Не было ночи без выстрелов. Пограничники работали, как на войне, без сна, без отдыха. То прибежит на рассвете истерзанный китаец, моля о приюте, то проберется доведенный до отчаяния окровавленный японский солдат и требует политического убежища, то, наконец, перейдет границу манчжурская часть, перебившая своих командиров, а за нею вдогонку японский отряд — и на переднем пограничном плане завязывается краткое, но ожесточенное сражение.

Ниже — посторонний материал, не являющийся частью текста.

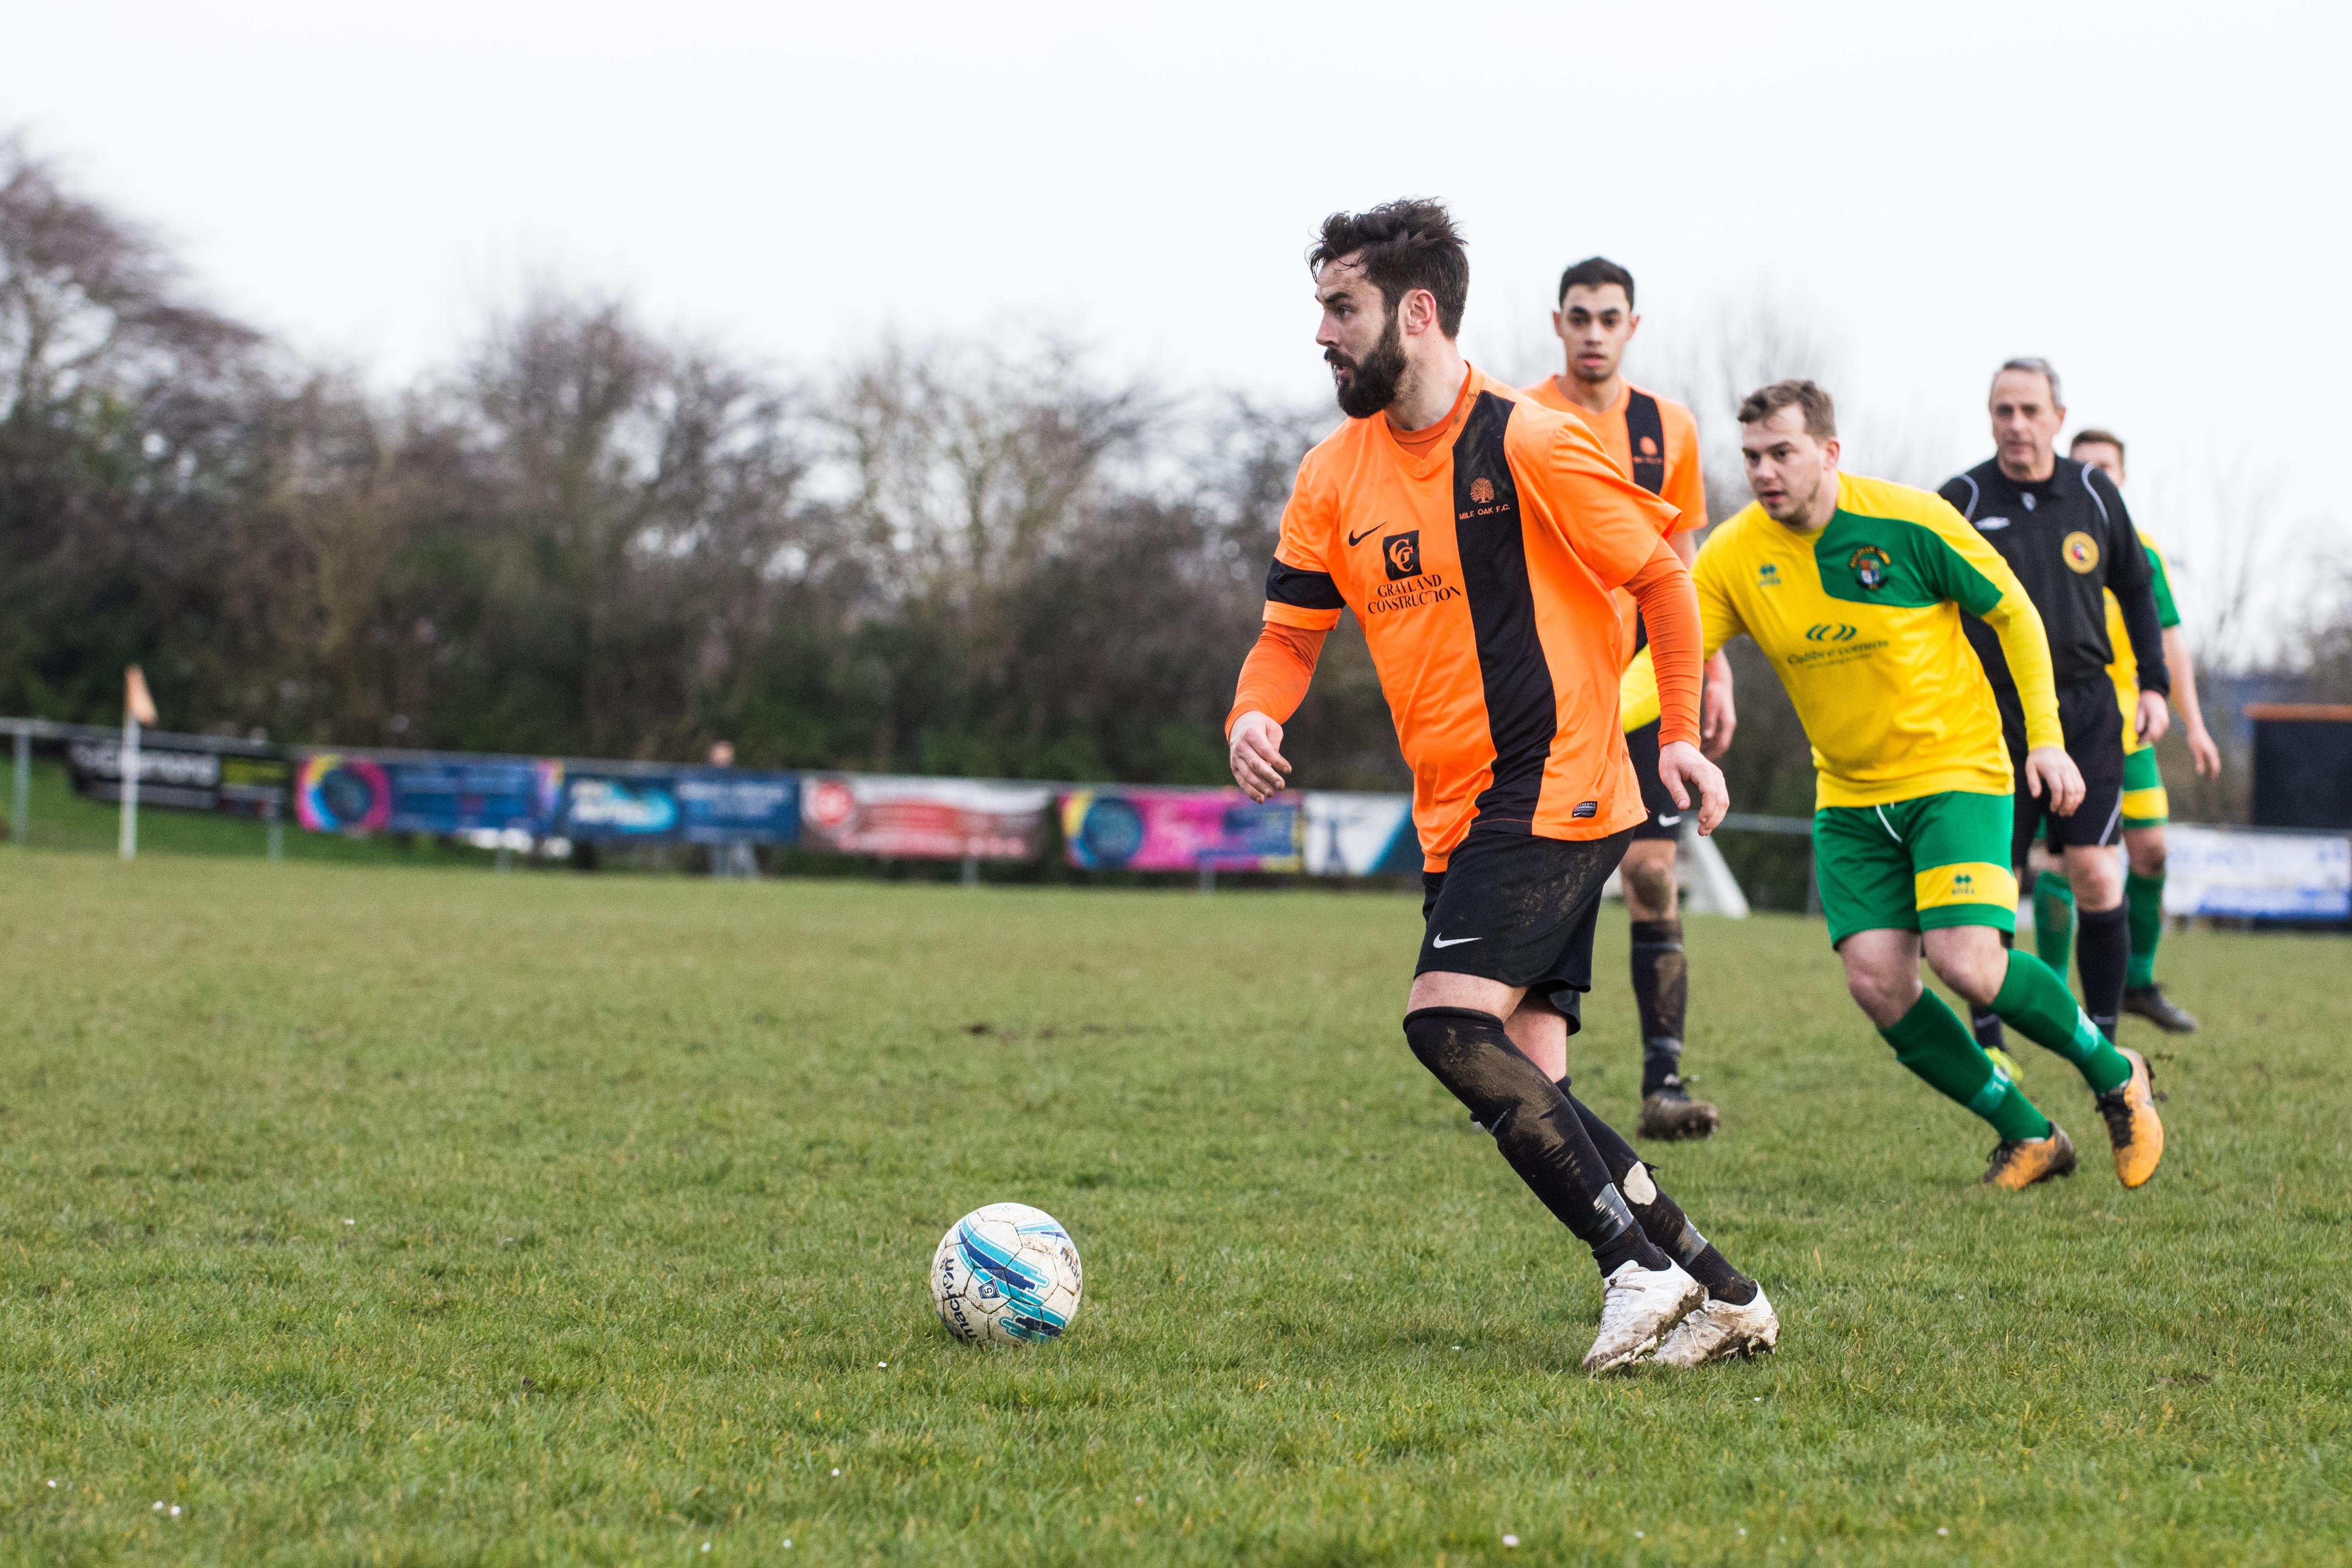 DAVID_JEFFERY Mile Oak FC vs Hailsham Town FC 24.03.18 85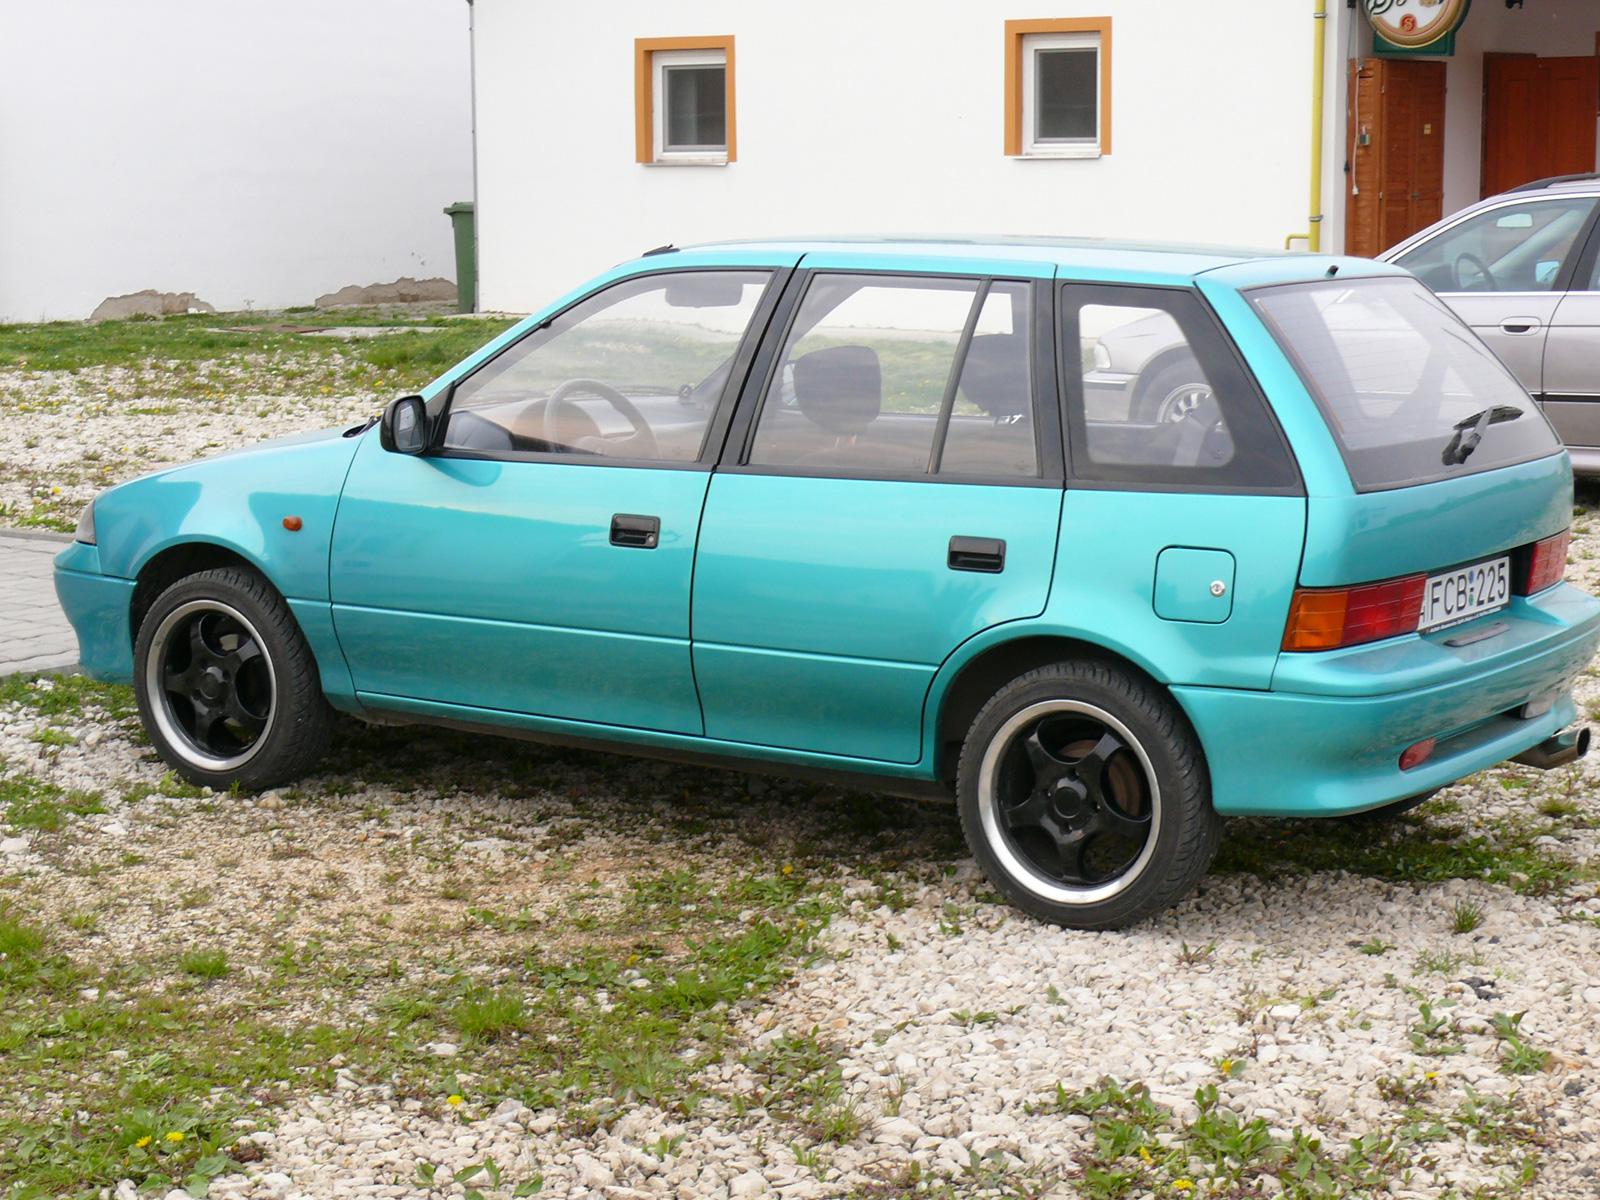 Suzuki Swift MK2 tuning (Kszajga) - CARSTYLING COM :: Magyar

За одну последнюю зиму Тарасюк четыре раза ходил в штыки на японцев, перешедших рубеж, был ранен и ни за что не хотел уезжать на запад, боясь пропустить тот ответственный день войны, который, как всем казалось, вот-вот наступит. Пограничные волнения отражались и на Шершавине. Дел стало еще больше, времени еще меньше, чем раньше.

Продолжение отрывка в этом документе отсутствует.